Alcune misure, non più solo preventive, sono già da mesi sul tavolo del primo ministro, che ha creato - come ha fatto notare per assicurare che il governo non ha mai fatto pendere il piatto della bilancia ideologica da una parte o dall’altra -, dei commissari antisemitismo e contro l’islamofobia. Suggerimenti firmati da Jillian Segal per affrontare il problema dell’odio nei confronti degli ebrei partendo dalle università, dal mondo politico, dalle manifestazioni di piazza (alcune, come quella sul Sydney Harbour Bridge, contro il parere della polizia, dato che hanno trasformato uno dei simboli nazionali in uno strumento di propaganda globale) all’insegna di slogan offensivi e violenti e da una specie di normalizzazione diffusa in ampi settori della società, sono stati seguiti solo a piccolissimi passi, anche se ora si giura che non è così, che la strada dell’eradicazione di un inaccettabile pregiudizio, è stata imboccata senza alcuna ambiguità.

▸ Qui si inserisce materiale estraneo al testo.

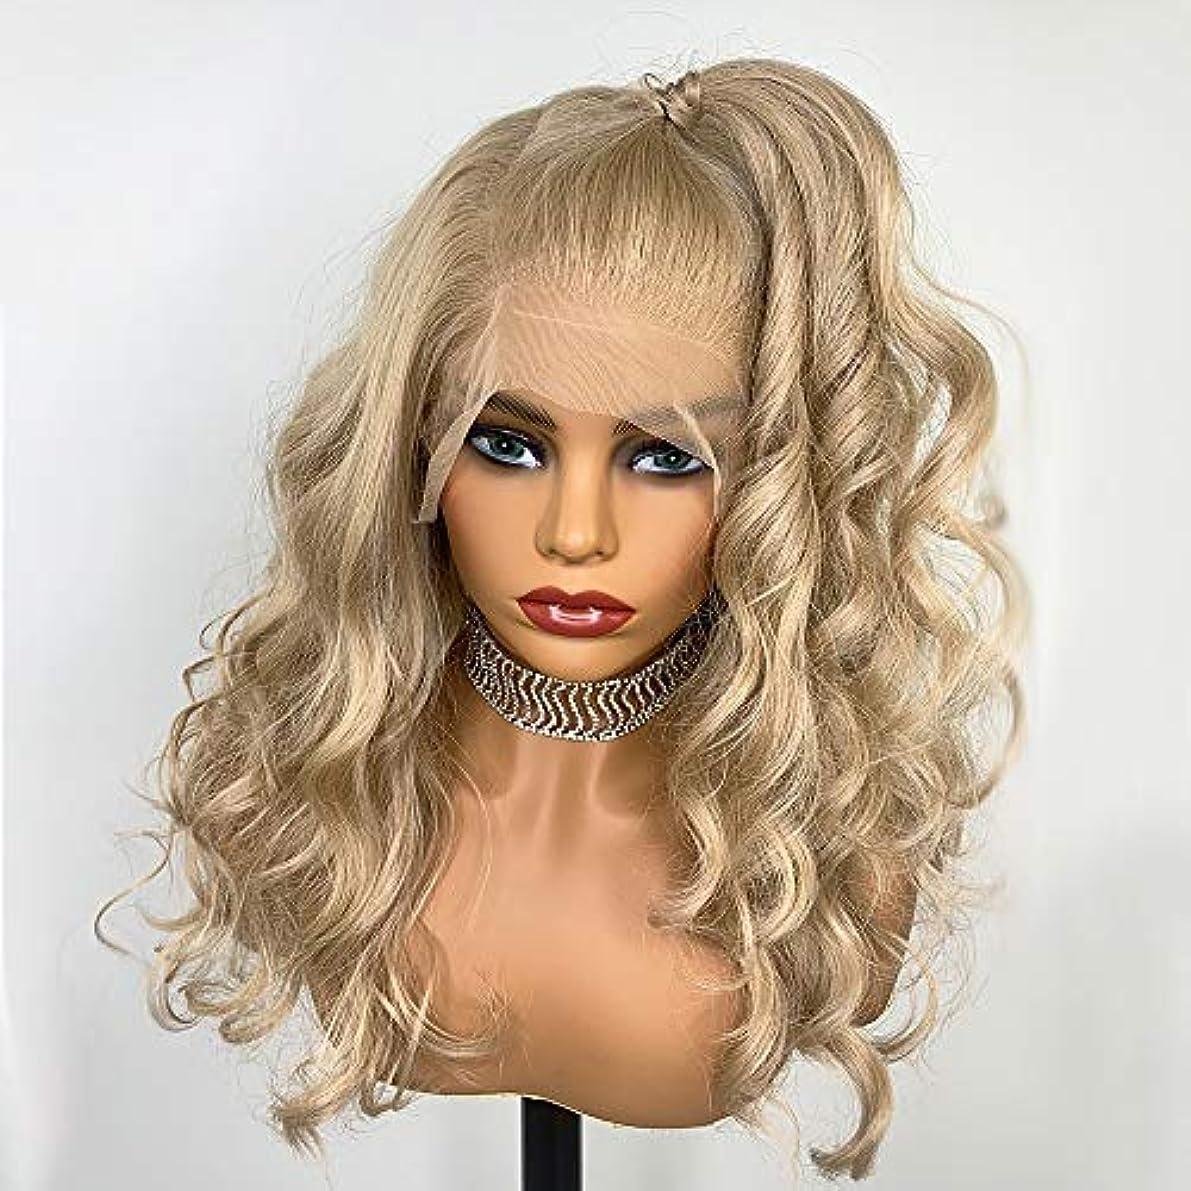 絡まるしかしシェード女性の好きなウィッグ 13x6女性の半分の手のための合成レースフロントブロンドのかつら縛ら耐熱性繊維髪の交換カーリーウィッグ150Density (Color : Blonde, Stretched Length : 22inches)

Albanese in questi giorni continua a parlare di solidarietà, di unità nazionale, di tolleranza zero verso l’antisemitismo. Ma le parole, non bastano più. Gli slogan che incitano alla violenza, come “globalizzare l’intifada”, non possono più essere liquidati come semplice libertà di espressione. Devono avere conseguenze legali, così come i messaggi d’odio diffusi sui social media e le manifestazioni neonaziste.
Le principali organizzazioni islamiche australiane hanno condannato senza riserve il massacro di Bondi, affermando che l’antisemitismo non ha alcun posto nella società australiana. Questo messaggio va ora rafforzato e reso il più visibile possibile. Il governo deve andare oltre alle frasi di circostanza, chiedendosi quando e come il Paese è cambiato così profondamente. Ammettere qualche grado di responsabilità sarebbe il primo passo per dimostrare di non avere paura di alienare qualcuno, riconoscendo la necessità di distinguere chiaramente tra le critiche – talvolta sicuramente legittime - ad Israele e l’odio antiebraico sfociato nella sparatoria di Bondi Beach. Il percorso non sarà facile: sarà lungo e pieno di divisioni, ma dopo il terrore di domenica le parole, ripetute senza risultati, hanno perso ogni credibilità e nessuno è più disposto ad accettarle.